In Chua v. Court of Appeals,9 we ruled that the trial court has to rely on the information offered by the public prosecutor as to who would best qualify as a state witness. The prosecutor knows the evidence in his possession and the witnesses he needs to establish his case. In Mapa v. Sandiganbayan,10 we held:

The decision to grant immunity from prosecution forms a constituent part of the prosecution process. It is essentially a tactical decision to forego prosecution of a person for government to achieve a higher objective. It is a deliberate renunciation of the right of the State to prosecute all who appear to be guilty of having committed a crime. Its justification lies in the particular need of the State to obtain the conviction of the more guilty criminals who, otherwise, will probably elude the long arm of the law. Whether or not the delicate power should be exercised, who should be extended the privilege, the timing of its grant, are questions addressed solely to the sound judgment of the prosecution. The power to prosecute includes the right to determine who shall be prosecuted and the corollary right to decide whom not to prosecute.

We further ruled:

In reviewing the exercise of prosecutorial discretion in these areas, the jurisdiction of the respondent court is limited. For the business of a court of justice is to be an impartial tribunal, and not to get involved with the success or failure of the prosecution to prosecute. Every now and then, the prosecution may err in the selection of its strategies, but such errors are not for neutral courts to rectify, any more than courts should correct the blunders of the defense. For fairness demands that courts keep the scales of justice at equipoise between and among all litigants. Due process demands that courts should strive to maintain the legal playing field perfectly even and perpetually level.

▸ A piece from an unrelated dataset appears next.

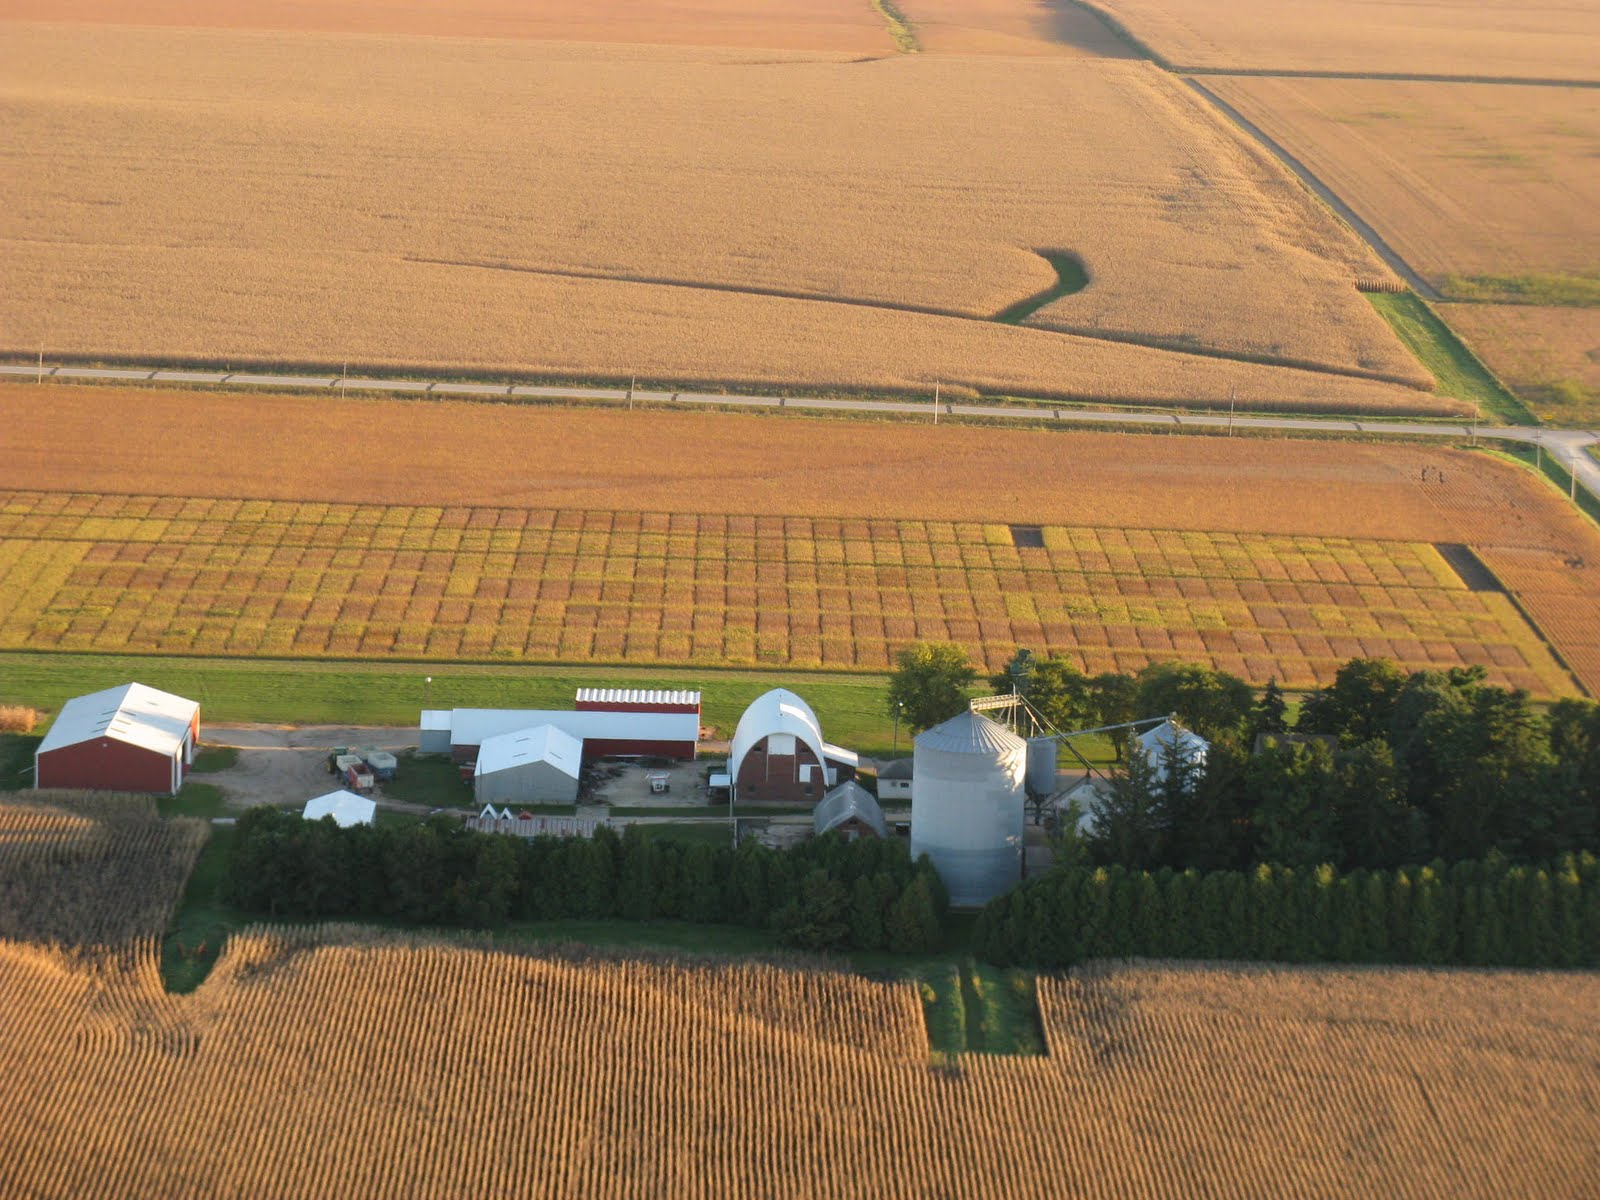 Photo: Golden quilt of soybean test plots at Isley farm west of Cedar Falls

Lastly, we affirm the ruling of the appellate court in cancelling the bail bond of petitioner. The grant of petitionerís application for bail is premature. It has to await the testimony of state witnesses Abutin and Tampelix. Their testimonies must be given their proper weight in determining whether the petitioner is entitled to bail.

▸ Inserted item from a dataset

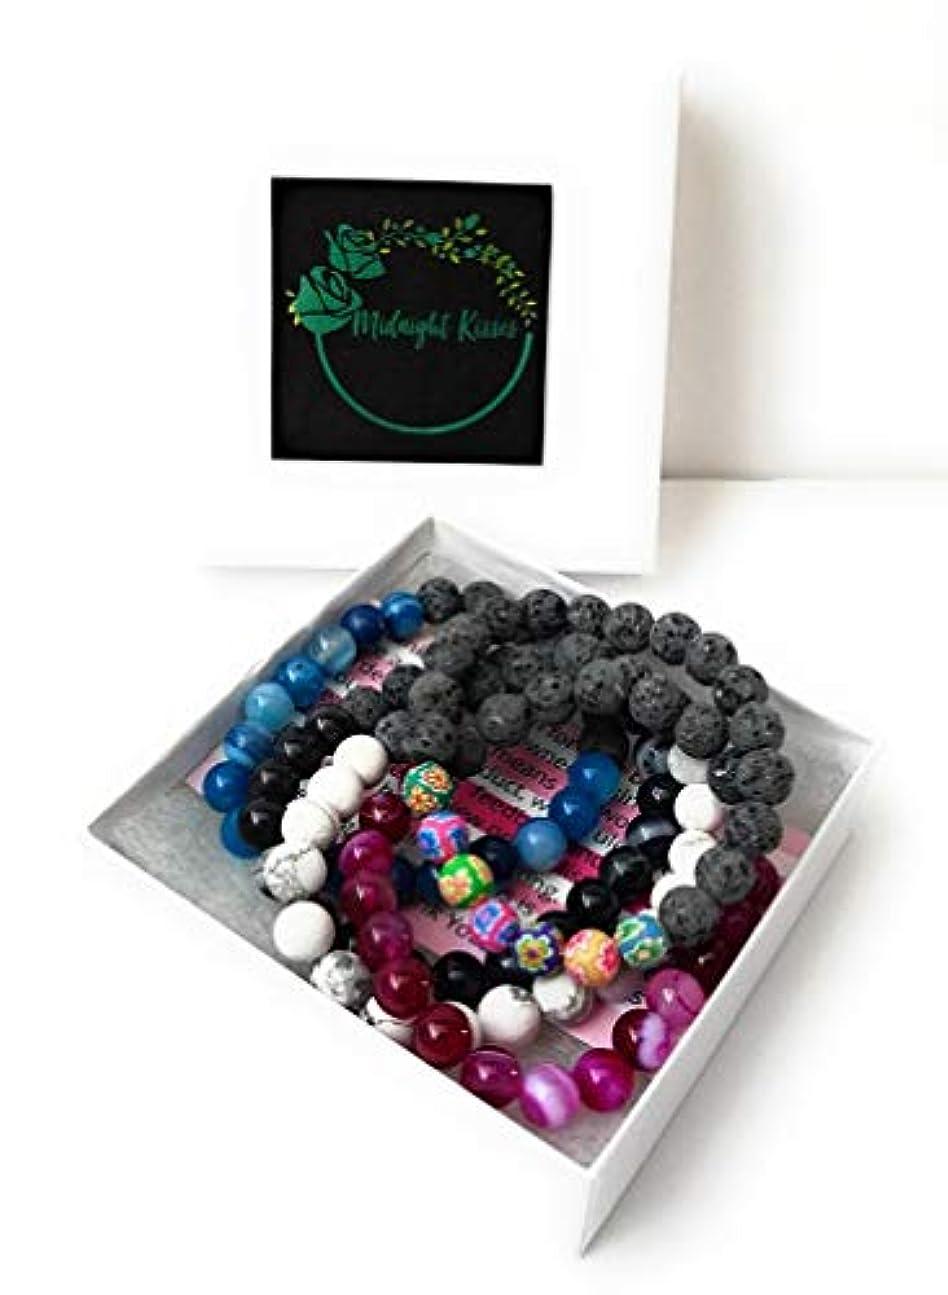 Authenticラバストーンブレスレットfor Women Essential Oilアロマテラピーの理想的なストレス&不安relief-chakra Diffuser Healing Rock beads-meditation...

IN VIEW WHEREOF, the petition is DENIED and the Decision and Resolutions of the Court of Appeals in CA-G.R. SP No. 46945, dated April 30, 1999, September 22, 1999 and May 11, 2000, respectively, are AFFIRMED in toto.

SO ORDERED.

REYNATO S. PUNO
Chief Justice

WE CONCUR:

ANGELINA SANDOVAL-GUTIERREZ
Associate Justice

RENATO C. CORONA
Associate Justice
ADOLFO S. AZCUNA
Asscociate Justice

CANCIO C. GARCIA
Associate Justice

C E R T I F I C A T I O N

Pursuant to Section 13, Article VIII of the Constitution, I certify that the conclusions in the above decision had been reached in consultation before the case was assigned to the writer of the opinion of the Courtís Division.

REYNATO S. PUNO
Chief Justice


Footnotes

1 CA rollo, p. 20.

2 Id. at 19-28.

3 Rollo, pp. 10-11.

4 Sec. 17, Rule 119, The 2000 Revised Rules of Criminal Procedure.

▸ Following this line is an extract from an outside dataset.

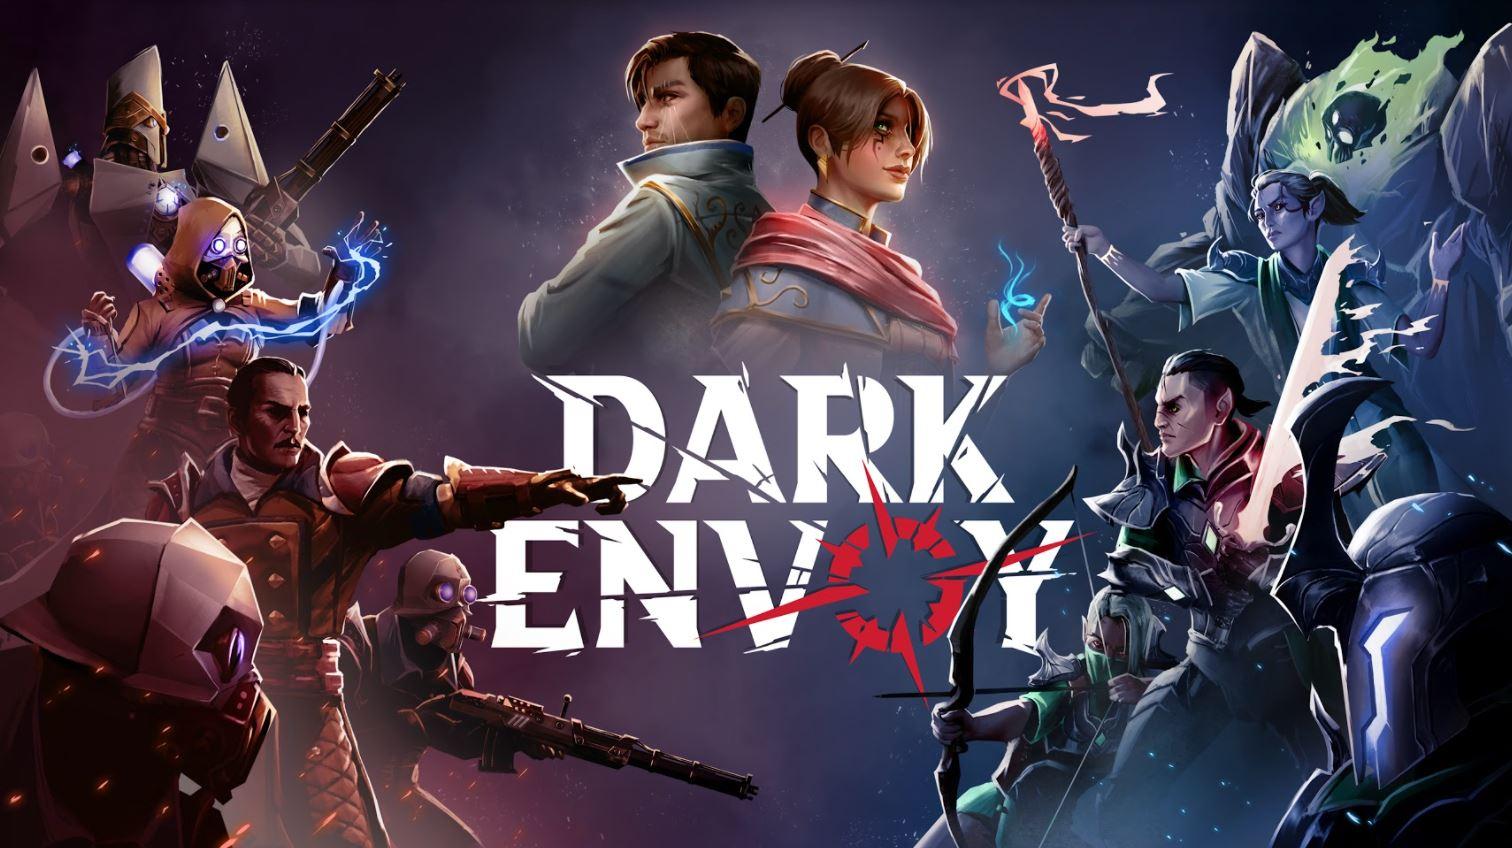 dark-envoy-news-reviews-videos

5 Sec. 17(5)(b), Rule 119, The 2000 Revised Rules of Criminal Procedure.

6 U.S. v. Remigio, 37 Phil. 599, 612 (1918).

7 People v. Tabayoyong, G.R. No. 31084, May 29, 1981, 104 SCRA 724, 742, citing People v. Riparip, 86 Phil. 526 (1950).

8 Chua v. Court of Appeals, G.R. No. 103397, August 28, 1996, 261 SCRA 112, 119.

9 Id., citing People v. Ocimar, 212 SCRA 646 (1992).

10 G.R. No. 100295, April 26, 1994, 231 SCRA 783, 785, cited in Pontejos v. Ombudsman, G.R. Nos. 158613-14, February 22, 2006.